Florida Atlantic University's first student-run news source.


Florida Atlantic University's first student-run news source.


Florida Atlantic University's first student-run news source.


Safer walk


It’s a, humid, windy, 90-Degree Wednesday at the Davie campus’s Davie West building, and a uniformed, orange-vested service aide from the town’s police department raises her hands to stop the roaring vehicles — most going over the speed limit — on College Avenue so students can walk across the two-way street to their classes.

Traffic on the avenue is quite busy in the afternoon, with almost no opportunity to cross unless the gloved hands of the Davie police service aide are raised. And before 3 p.m., there is no one there to direct traffic.

“‘I’m used to leap-frogging traffic in the morning,'” one of the service aides recalled with some amusement about a remark made by a pedestrian about crossing the road before 3 p.m.

FAU will have a pedestrian crossing signal up and running by the beginning of the fall semester, nine months after the building was officially inaugurated, said Phyllis Bebko, associate vice president for Broward campuses.

“We’re sorry that we didn’t get it done sooner,” Bebko said. “We’re looking forward to the new signal.”

With the signal up and running, FAU will no longer need to pay the Davie police department $4,400 a month to provide crossing guards from 3 to 11 p.m.

The signal will not be a full traffic signal.
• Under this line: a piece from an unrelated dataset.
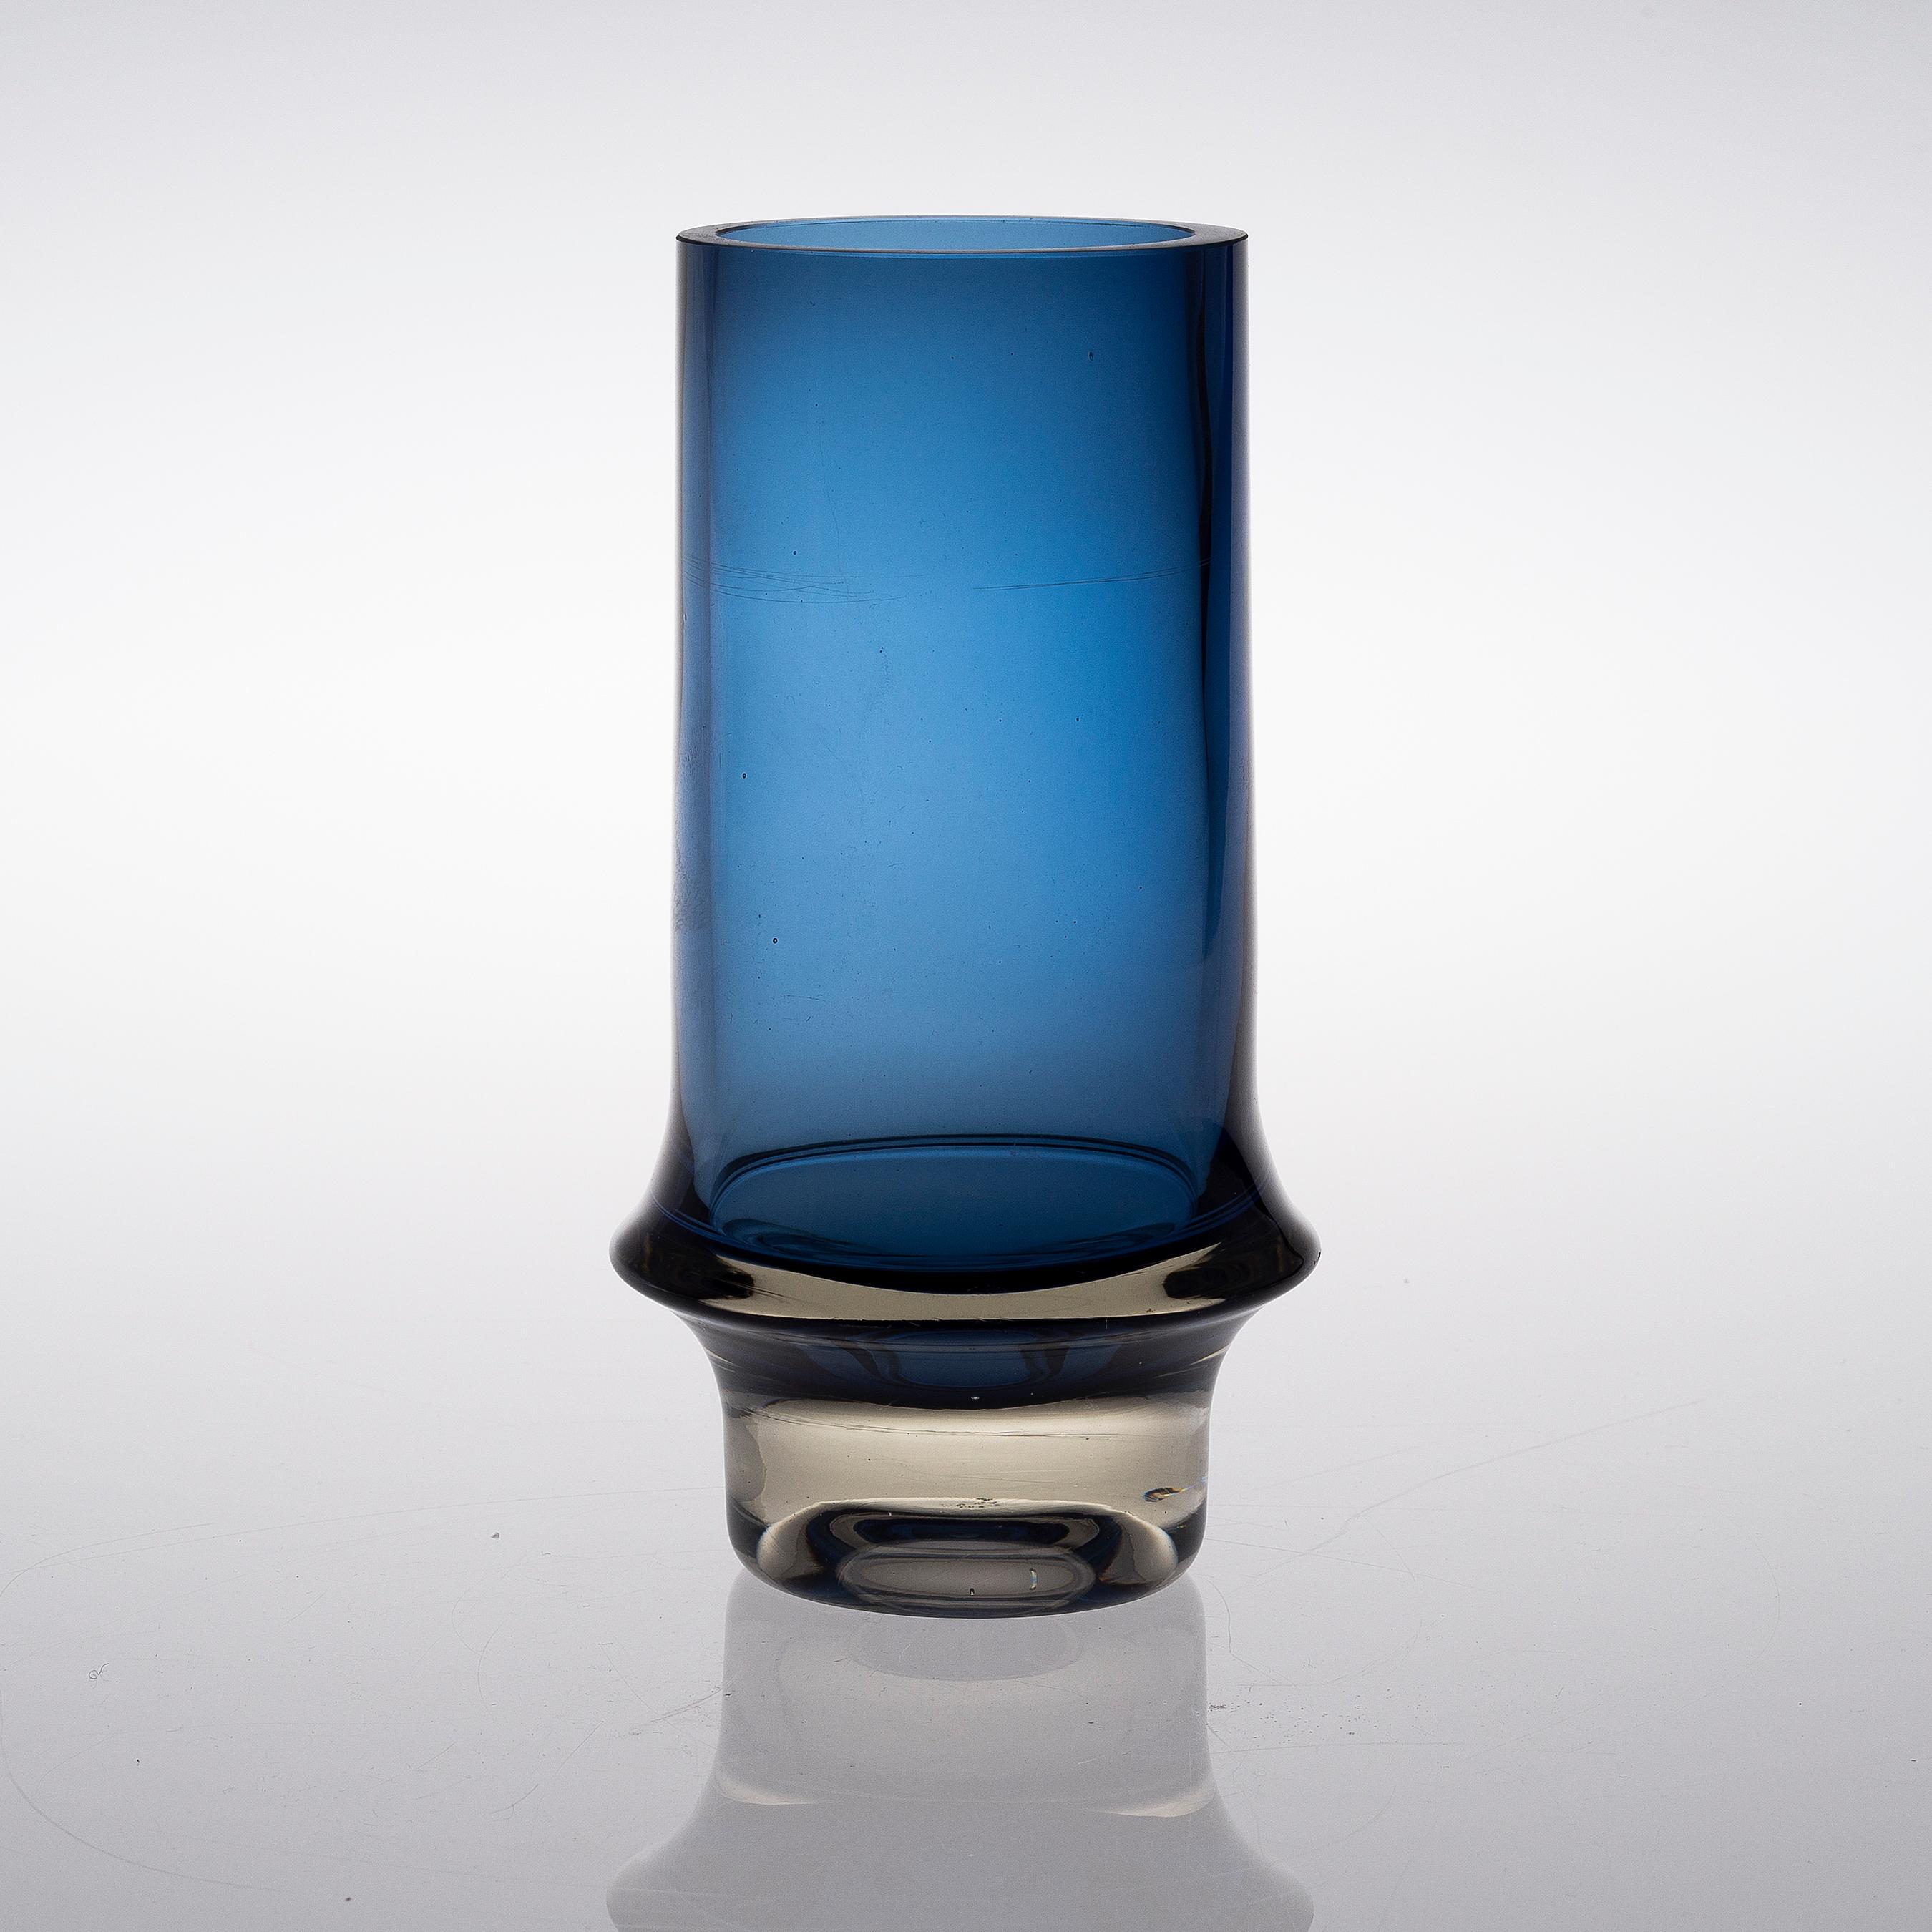 tapio wirkkala vas glas signerad tapio wirkkala 3581. Black Bedroom Furniture Sets. Home Design Ideas

Instead, it will be a pedestrian signal, according to Bebko.

Broward County rejected the full traffic signal proposal because the number of cars going through the intersection per hour was not high enough, according to Eric Czerniejewski, a traffic consultant for FAU.

The UP asked Czerniejewski for traffic counts at the crosswalk, but as of press time, they have not been provided.

Unlike a full traffic signal, which changes color at different intervals, the College Avenue signal will only change color when a pedestrian pushes the crosswalk button at a corner of the intersection.

The process of getting a signal put up started in November 2010, and will end by August 2011.

Until next fall, students may have to be extra-careful when crossing to attend classes.

English major Sandra Logan, on the other hand, doesn’t think so.

“It gets busy out there, but … I know how to cross the street,” said the senior.